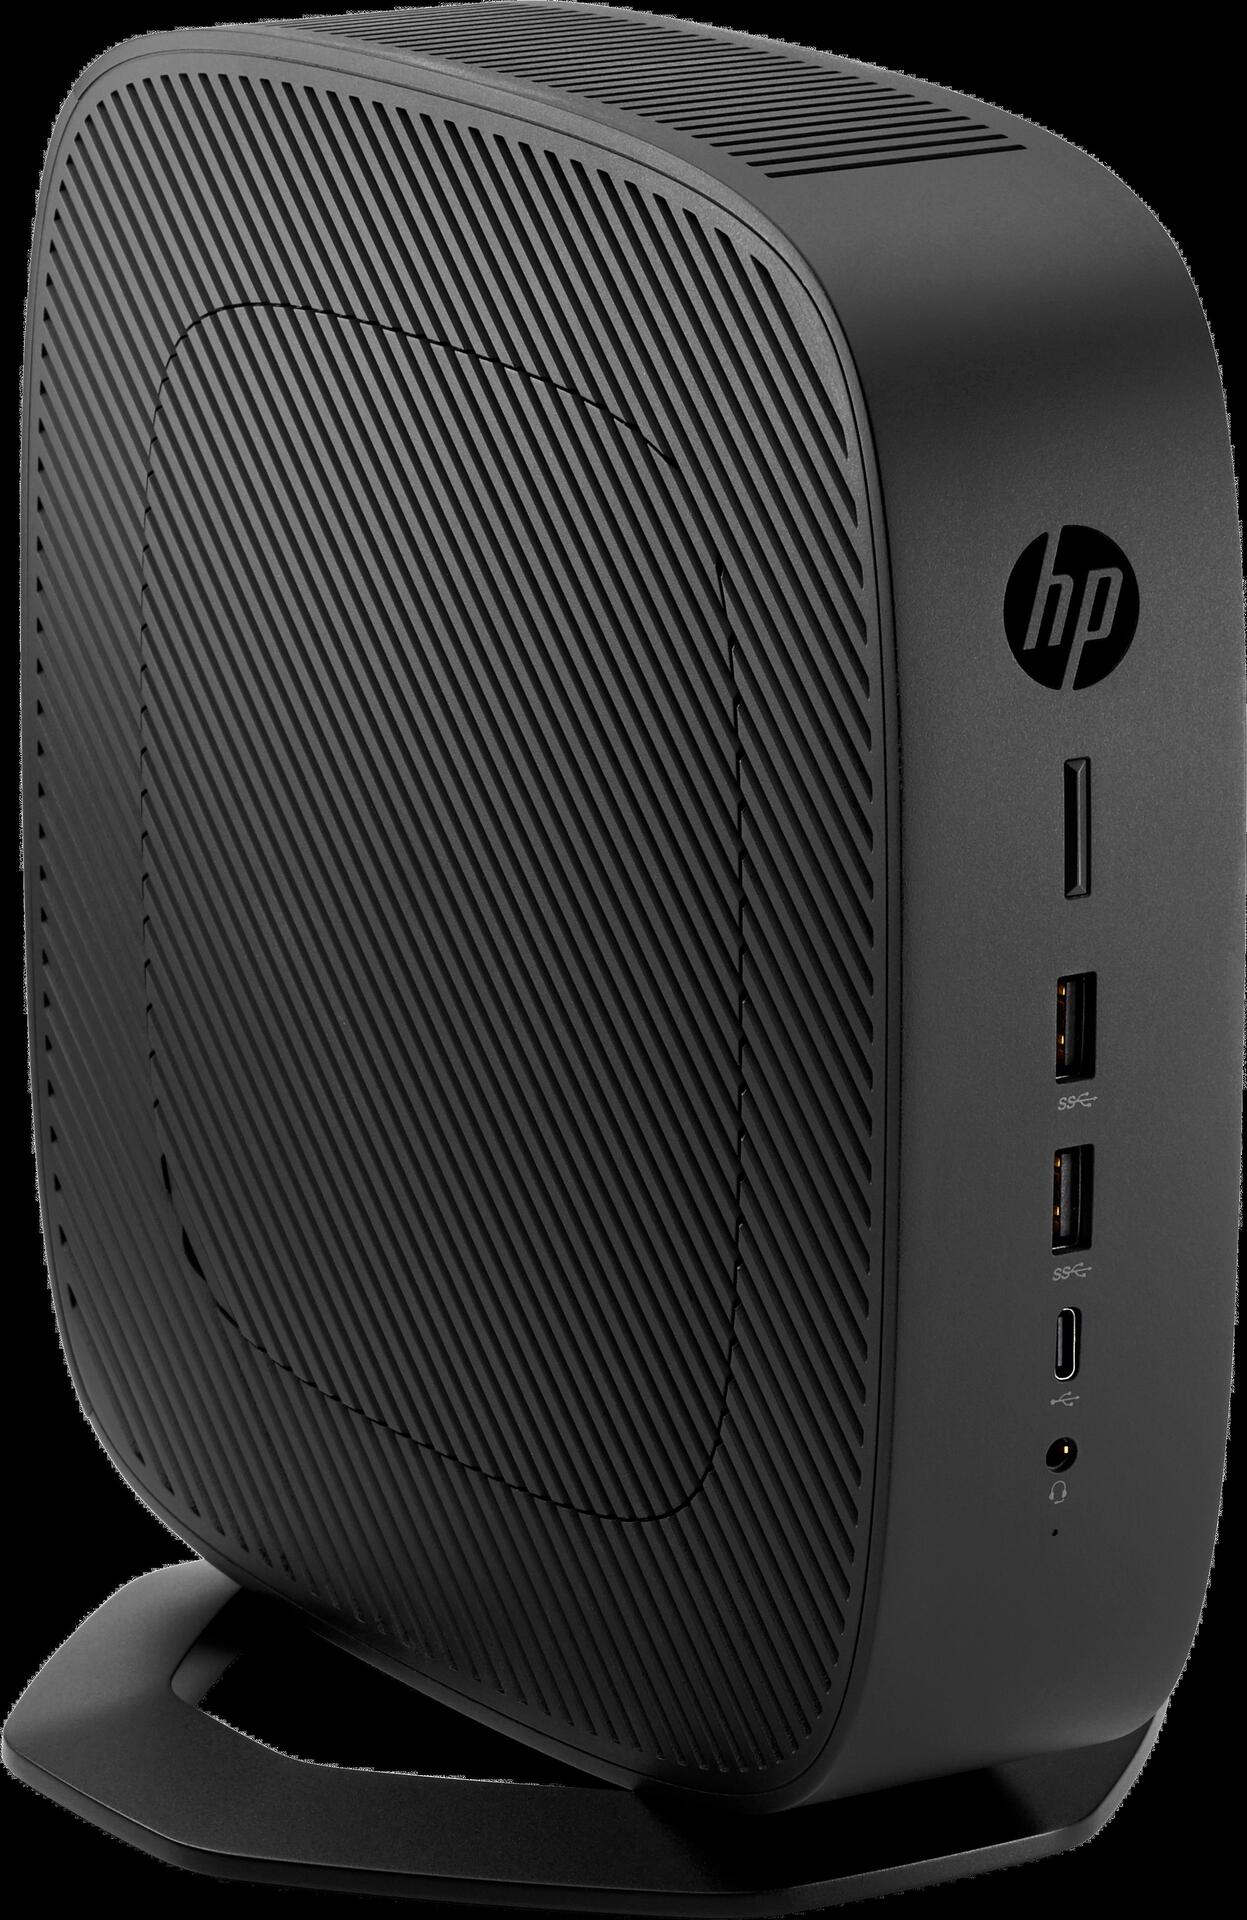 HP t740 Thin Client (6TV51EA#ABD)
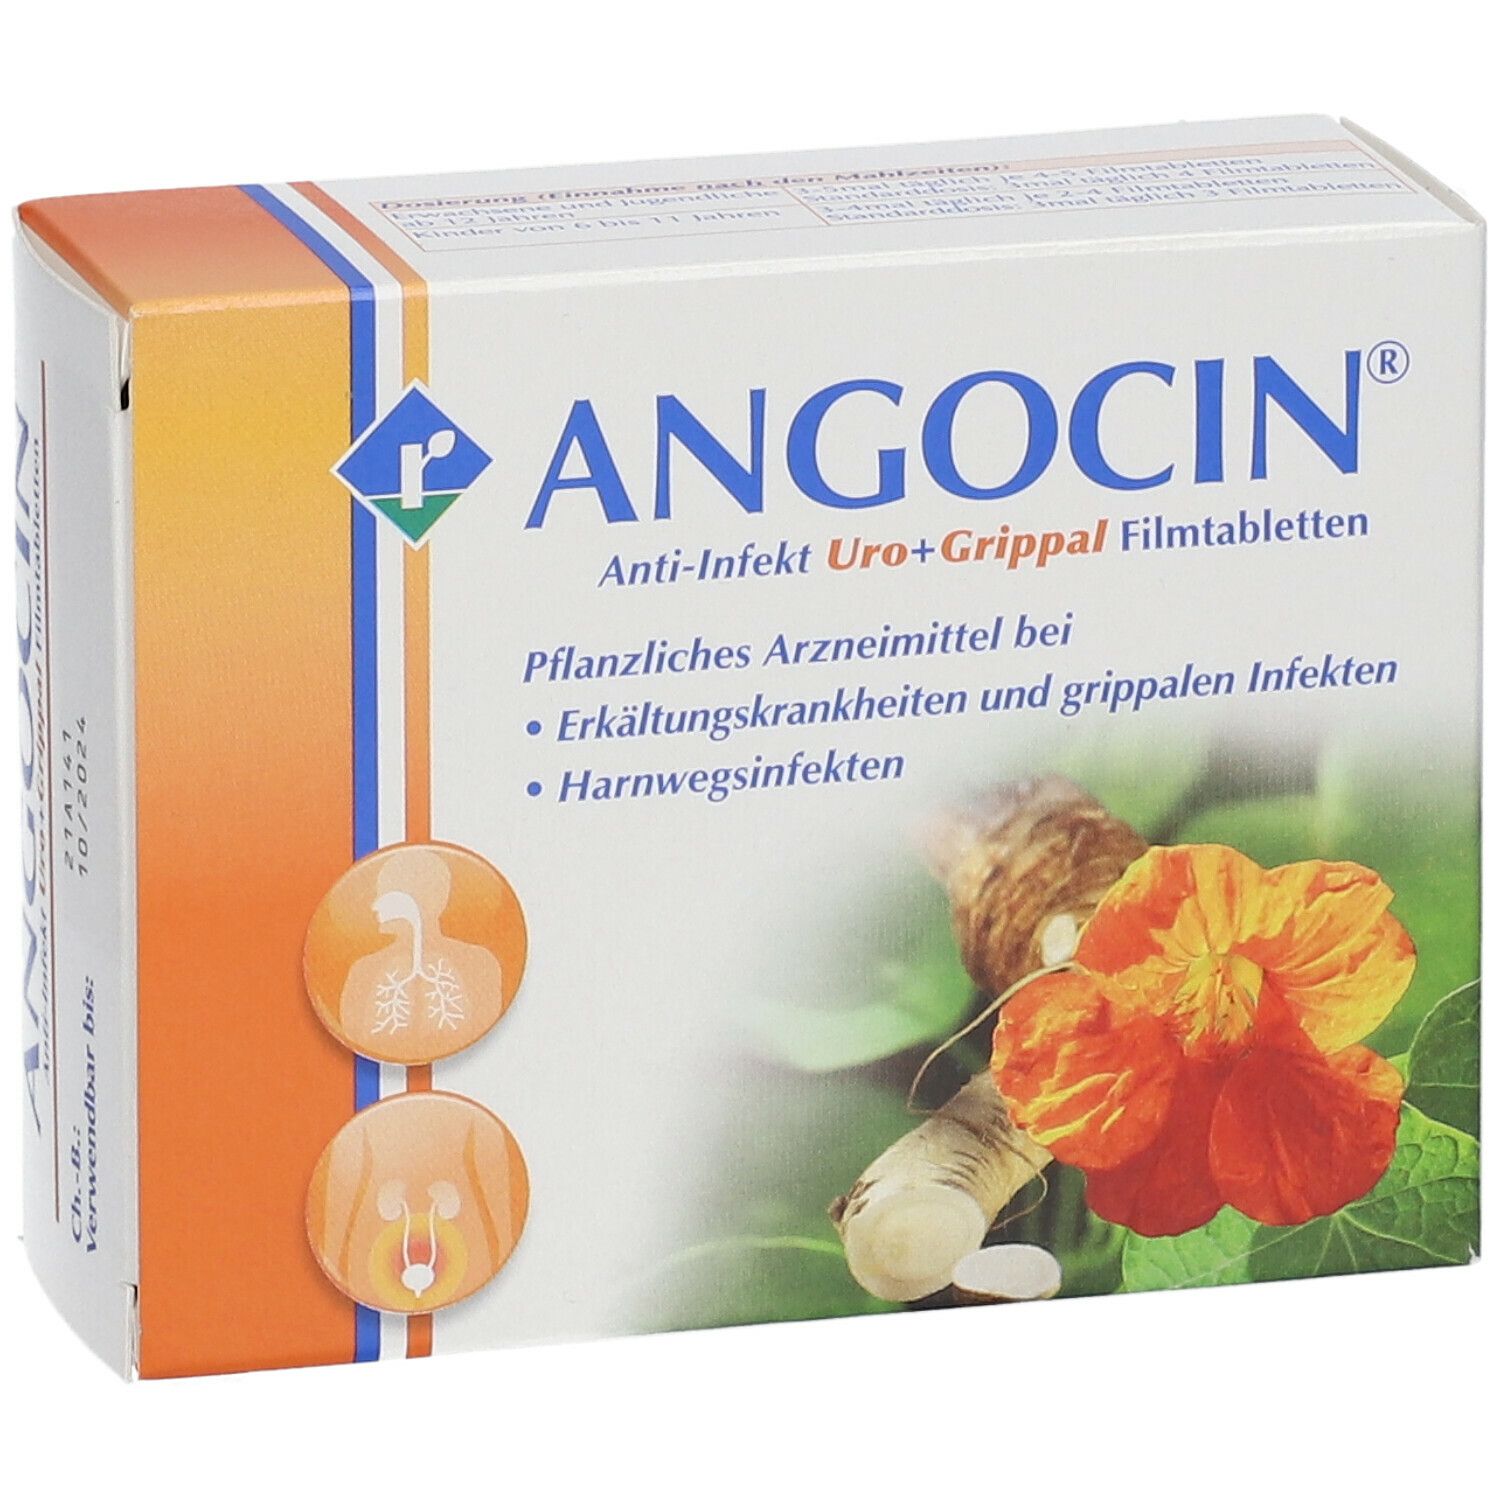 ANGOCIN® Anti-Infekt Uro+Grippal
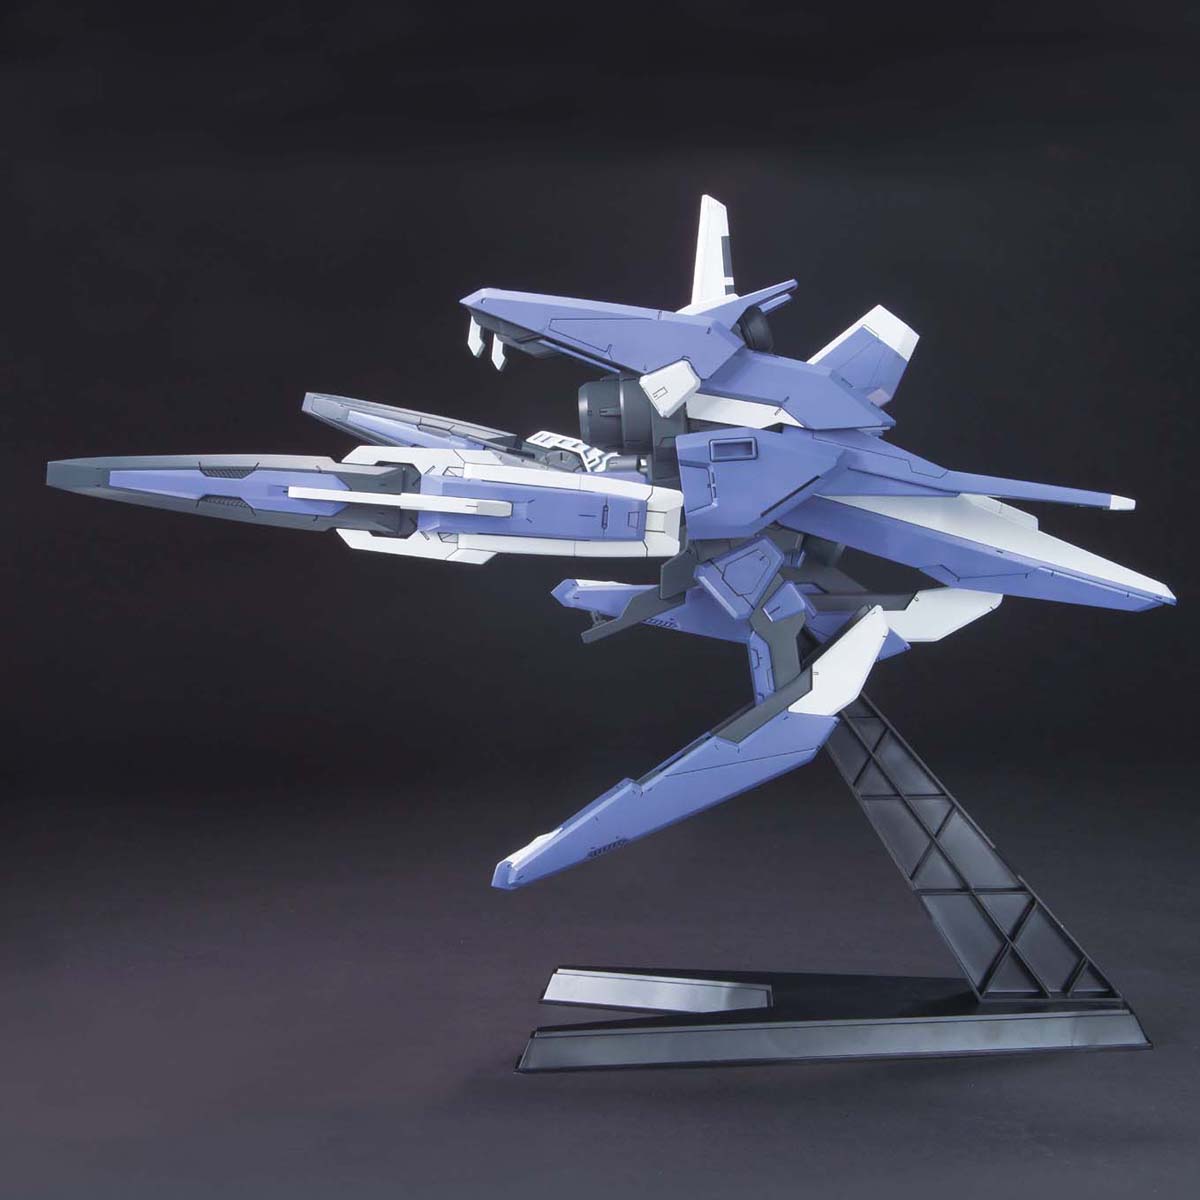 HG00 - GN Arms Type-E + Gundam Exia (Trans-Am Mode)
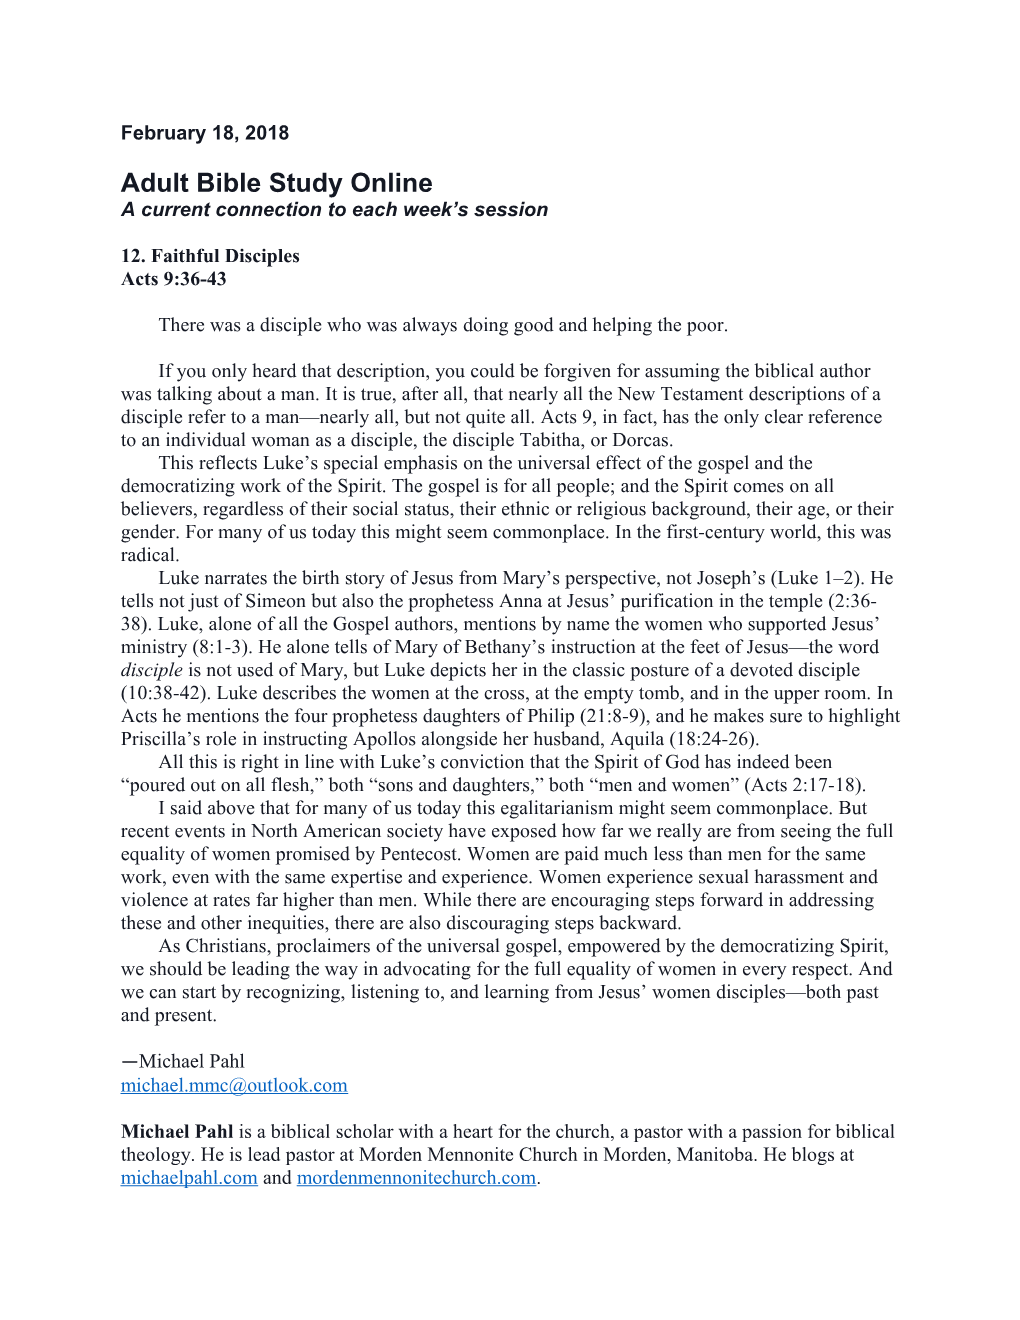 Adult Bible Study Online s1

========

◆ **What is needed**
Exact repetition of the material above is required, with the images removed.

◆ **Your response**
 HP t740 Thin Client (6TV51EA#ABD)
 ANGOCIN® Anti-Infekt Uro+Grippal
 HG00 - GN Arms Type-E + Gundam Exia (Trans-Am Mode)
 Adult Bible Study Online s1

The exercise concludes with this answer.